Yes I found a solution that I think will work very well. Waiting on a few new straps to come in the mail. After I get them I'll get a video or some pictures put together and let you know the details on how it's gonna work for me.


----------



## housei (Jul 25, 2012)

Great, thanks. I look forward to seeing what you have come up with.


----------



## jakejohnson (Oct 6, 2009)

This guy has a pretty good system. Hope it helps.
http://www.youtube.com/watch?v=3clPFGAwB3s


----------



## d3ue3ce (Jul 2, 2009)

I have been messing around with this exact set up the last few days, and ended up using the ropes from the bloodsport to secure 5 sticks to the stand, and then I strap the whole set-up to my Badlands pack. 
I also have found sticks stacked together in one hand and stand on my badlands works as well if Im not carrying a bow, and going straight in to set up. 

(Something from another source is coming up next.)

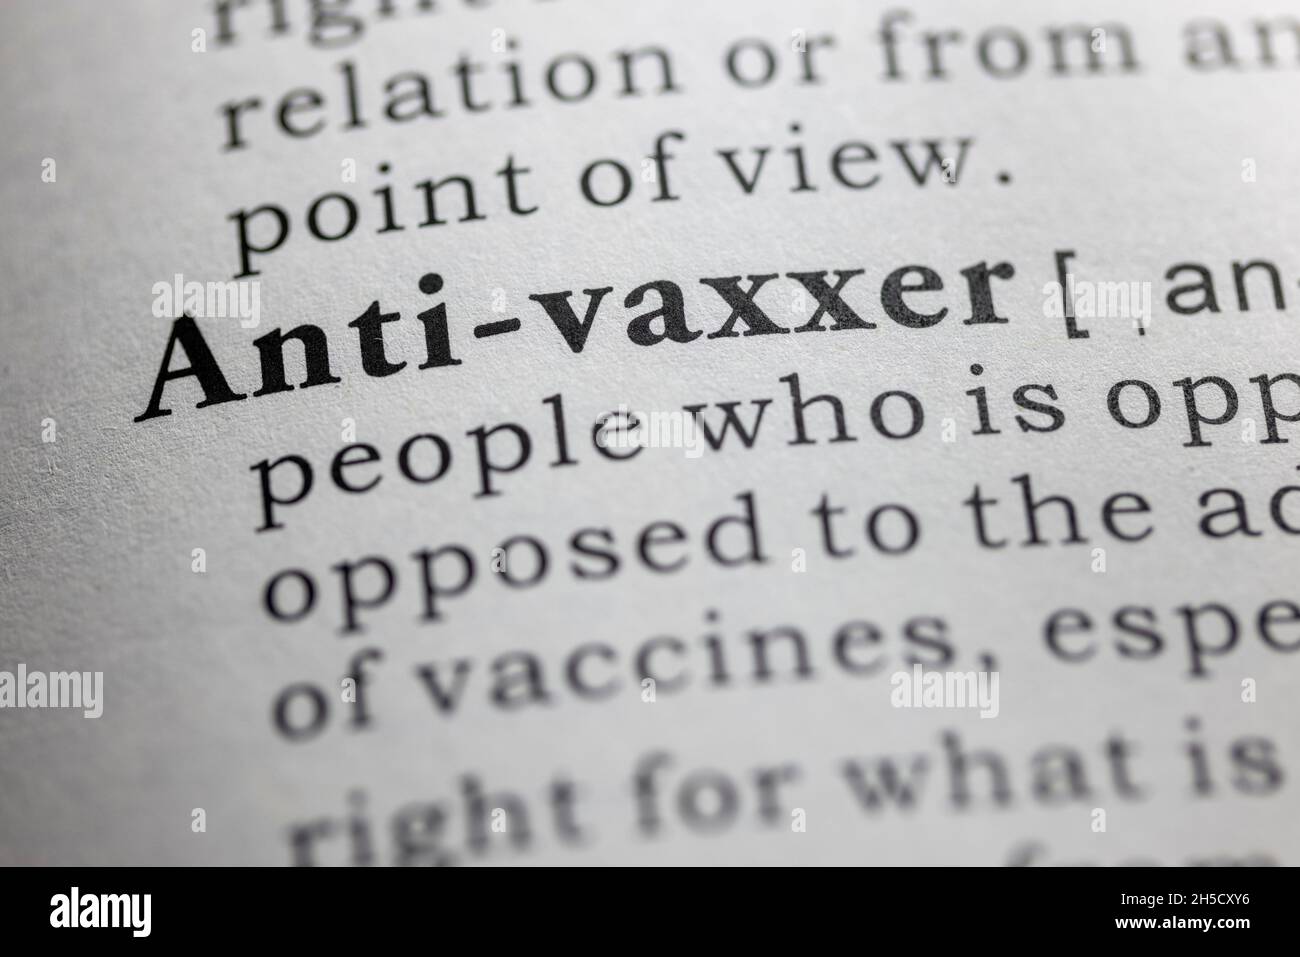 Palabra falsa del diccionario, definición del diccionario de anti-vaxxers Foto de stock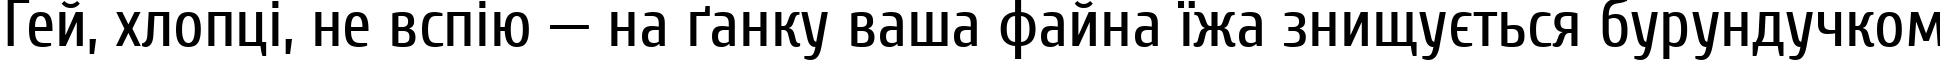 Пример написания шрифтом Cuprum текста на украинском

As far as getting them up the tree, One way I have come up with is to climb up to the second set of steps on the tree, then take the ropes from each one, and tie them to the lanyard/carabiner that comes off my back. (obviously steps un-stacked). get to the next spot, untie, pull up, attach, repeat. Seemed to work well, but I am going to mess around a bit more with them.


----------



## Spurhunter (Dec 8, 2008)

Here is what I did.
I bought a set of Allen brand tree stand straps for $9. Then I went to walmart and picked up a 2" nylon strap and quick snap buckle set to add a waist stap. I also picked up some 1" nylon web and quick snap buckles for additional straps for packing the sticks to the stand. Overall I have about $20 in all of it. I nest and strap one stick on the stand then flip the other sticks with the tree cleat side out and strap them to either side of the center stick. I can pack 5 this way and still get my pack on the back of the stand. I actually use the two free ends of the outer straps to secure my pack by using another quick snap buckle set. Sounds complicated but it's all pretty simple. I also made a stand hanging strap with quick snap buckles and a short cord tether with hook. 

I first lay the stand out and unwind two cords attached to it. I tie my bow to one of them and set it slightly to the side. Next I set two sticks, climb up and hang two more on the top one's rope. I do this by half opening the steps and turn the stick upside down so it will hang by them on the rope. Then I set those two sticks and step back down for the third. I tie in a cord to my stand on my harness, put my back pack on and climb up to set the last stick (#5). Then I wrap the stand hanging strap around the tree and cinch it tight. I pull the stand up and loop the cord on the hanging strap around the stand just under the seat and hook it on the strap. The stand will now hang open and I am free handed to secure the ropes to set it. I then level the stand and climb into it and secure my harness. I set my bow holder and hang my pack then pull up my bow by the second cord attached to my stand. Coming down is a bit faster. Just in reverse order but I can let the sticks down by the end of the rope and drop them the last few feet.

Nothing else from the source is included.